-- Exercise --
Keep the pictures out while you transcribe the listing below exactly.

-- Information supplied --
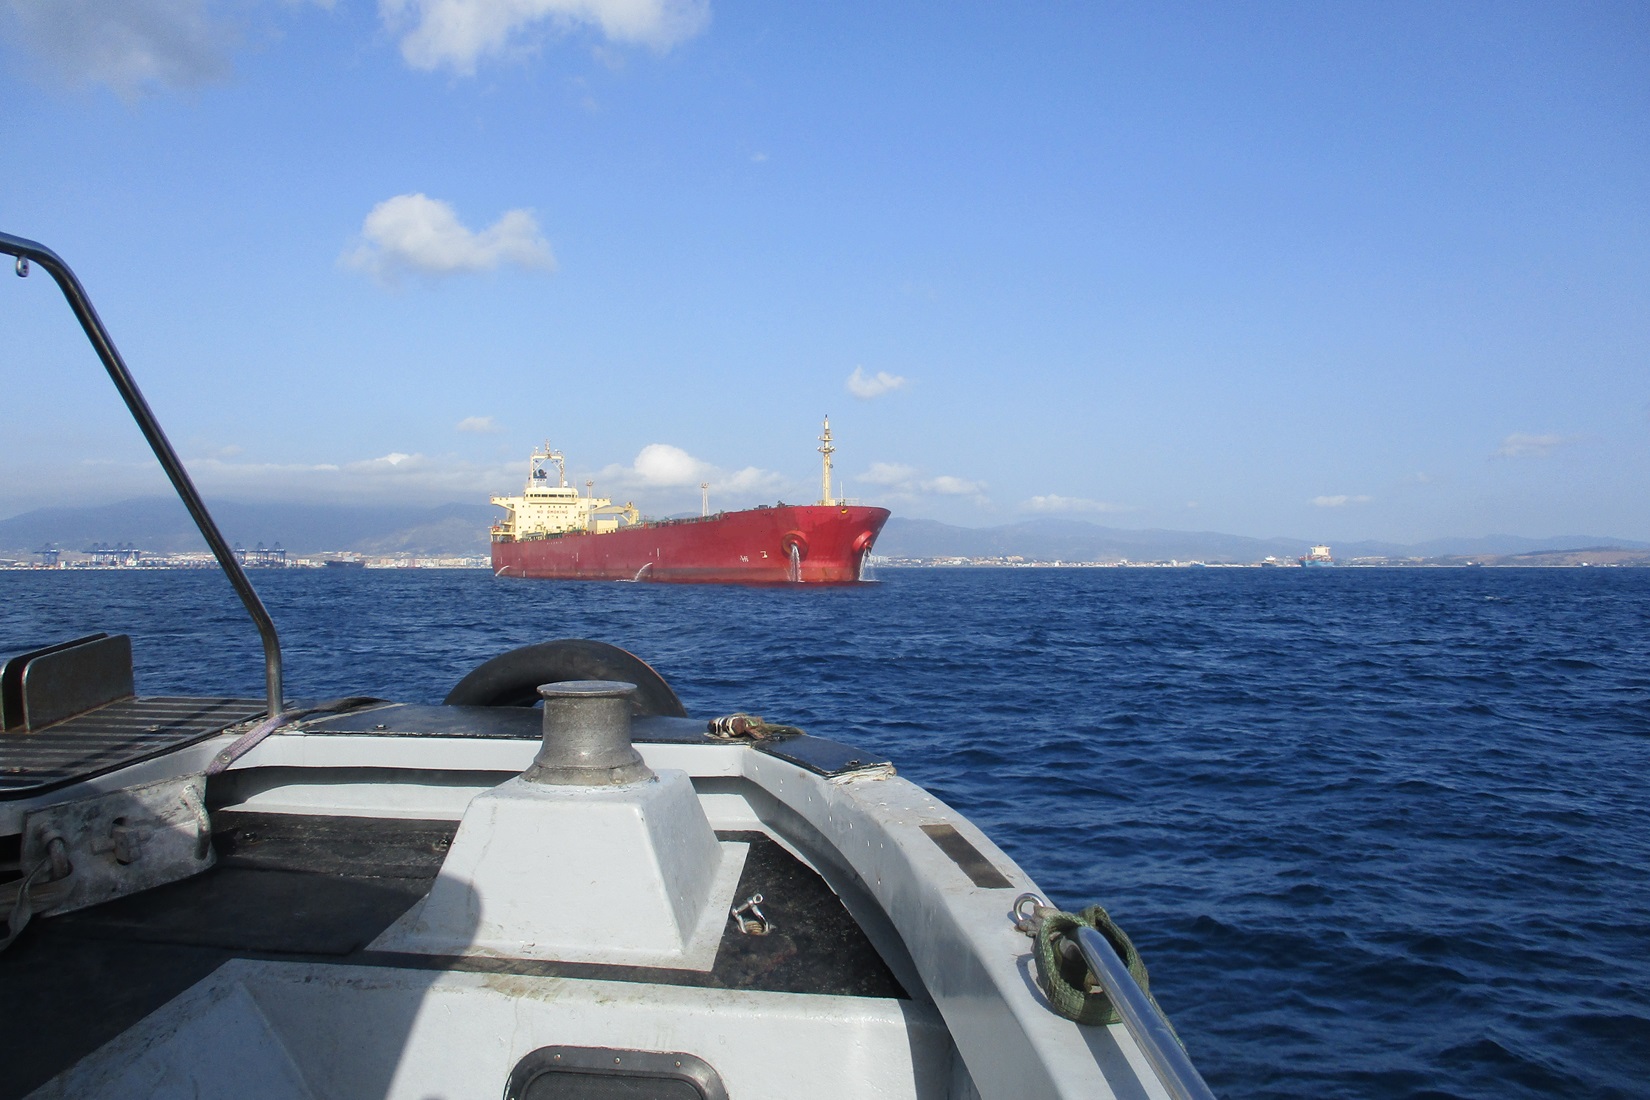 ship-inspection-services-marine-surveys-consulting-spain
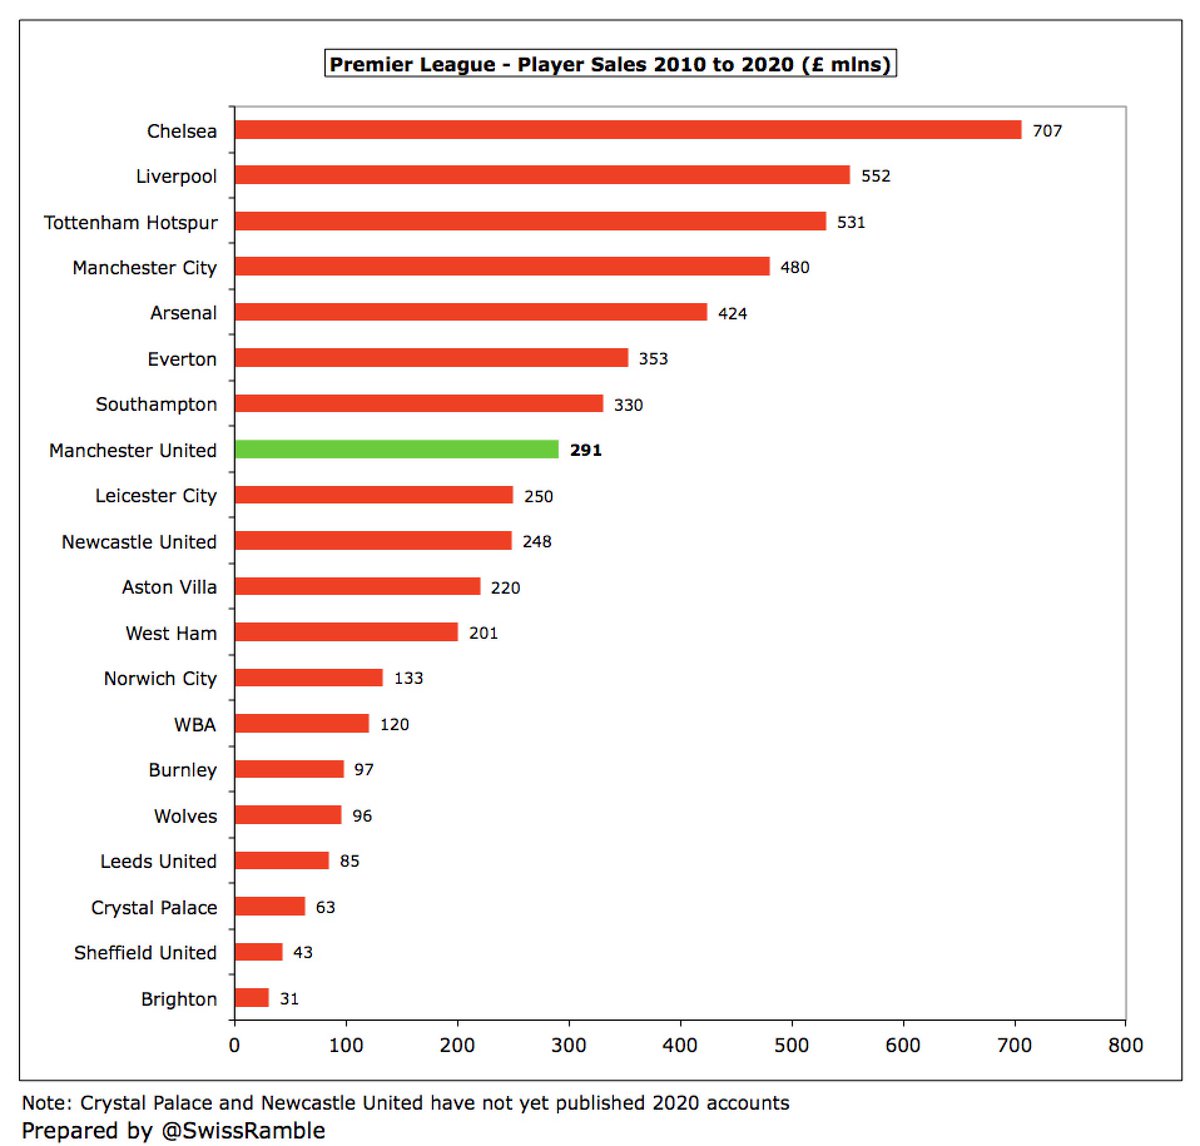 Many clubs make good money from player sales, but  #MUFC have only delivered £291m from the activity in the last 11 years, significantly less than  #CFC £707m and  #LFC £552m. Not only is this lower than the rest of the Big Six, but also worse than  #EFC and  #SaintsFC.
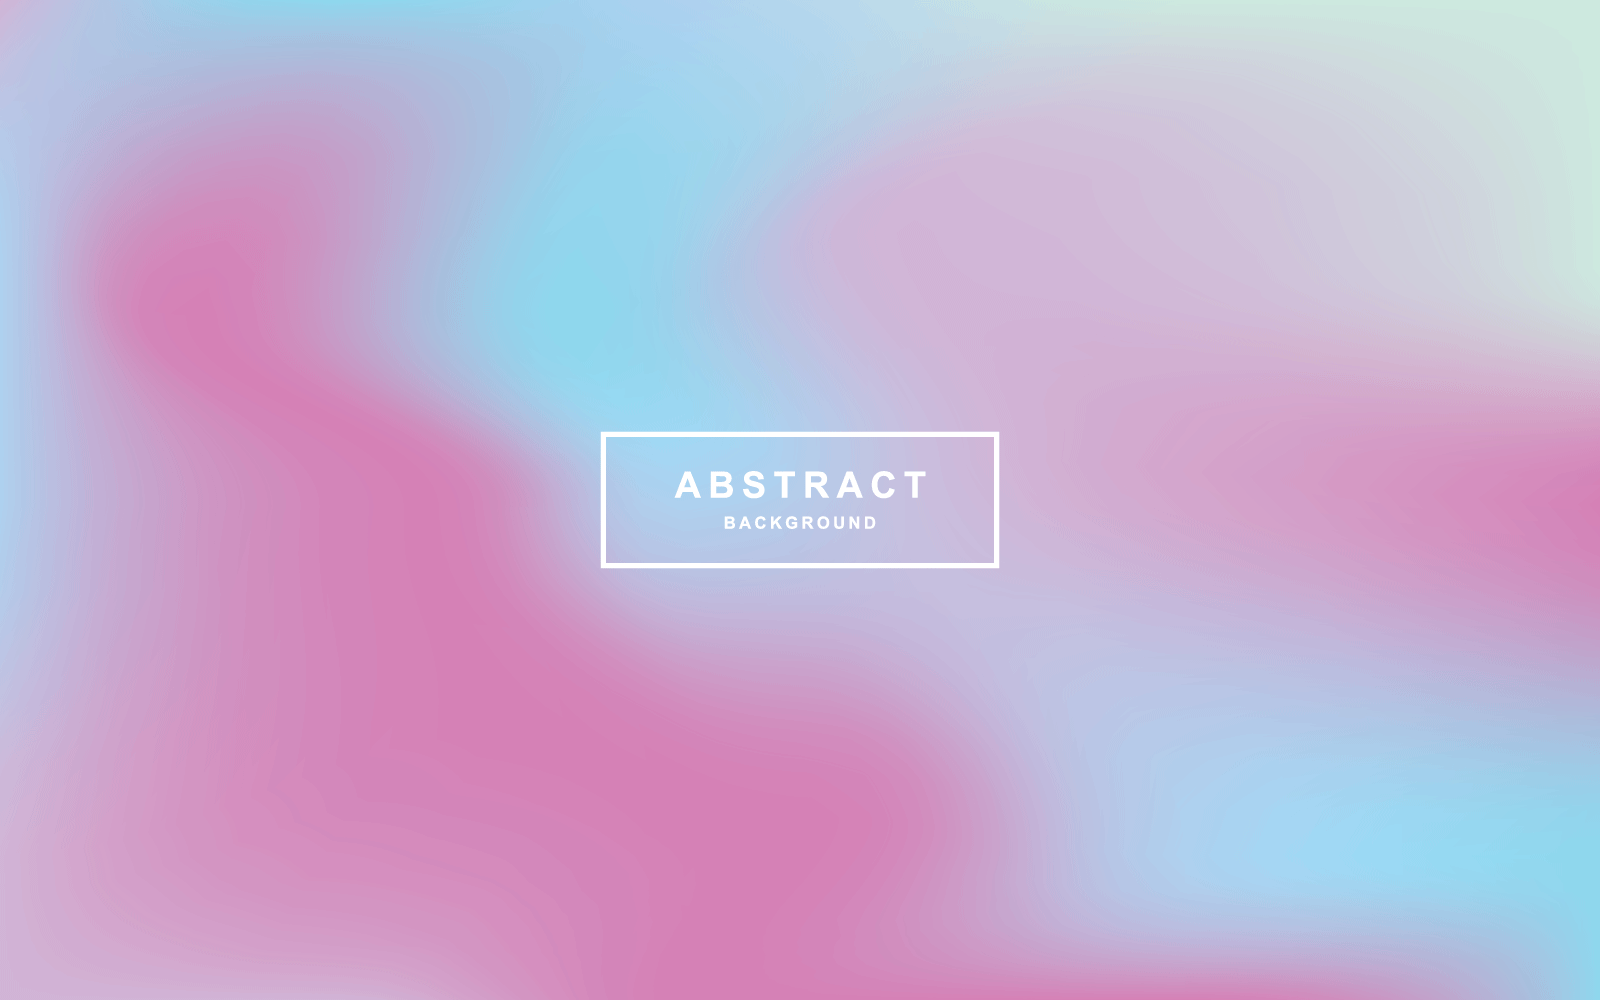 Abstract blurred gradient background template
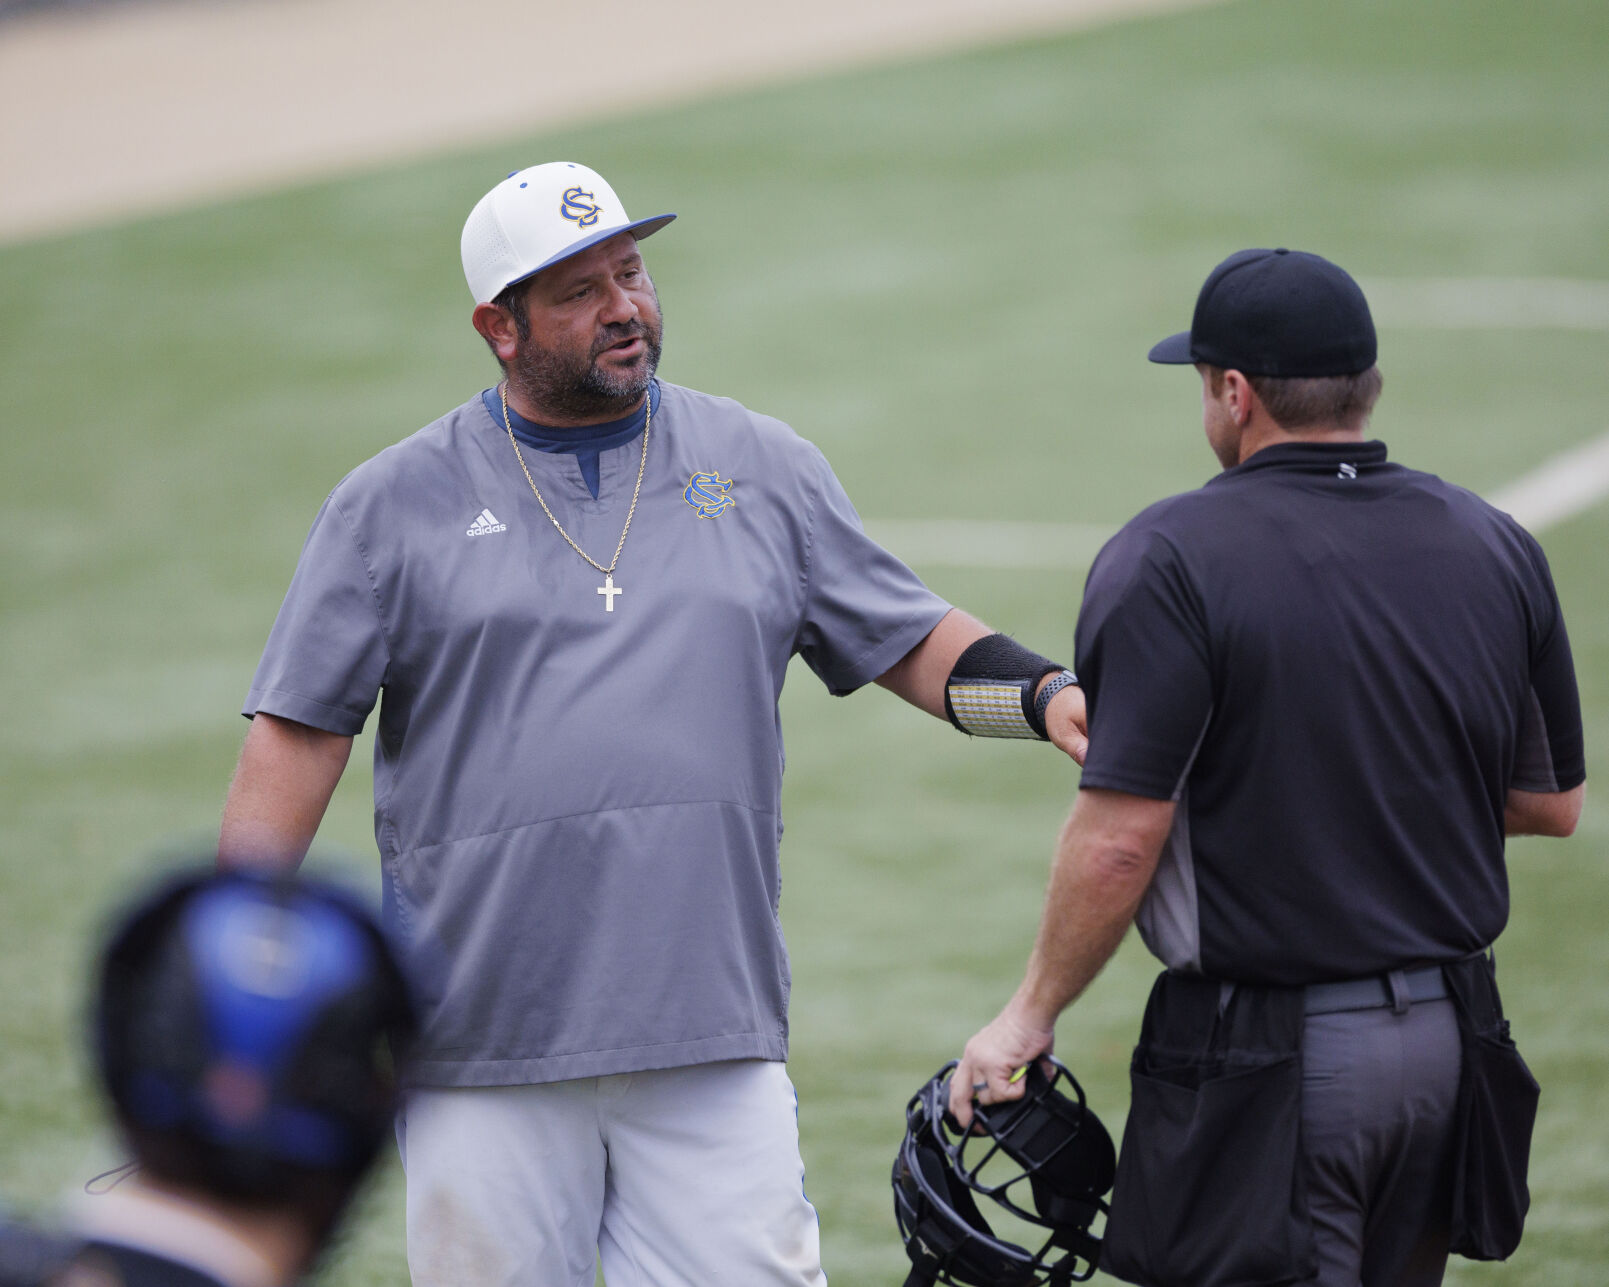 St. Charles Baseball Coach Wayne Stein Commits to Another Season

-- Solution to this task --
 ship-inspection-services-marine-surveys-consulting-spain
 Many clubs make good money from player sales, but  #MUFC have only delivered £291m from the activity in the last 11 years, significantly less than  #CFC £707m and  #LFC £552m. Not only is this lower than the rest of the Big Six, but also worse than  #EFC and  #SaintsFC.
 Abstract blurred gradient background template
 St. Charles Baseball Coach Wayne Stein Commits to Another Season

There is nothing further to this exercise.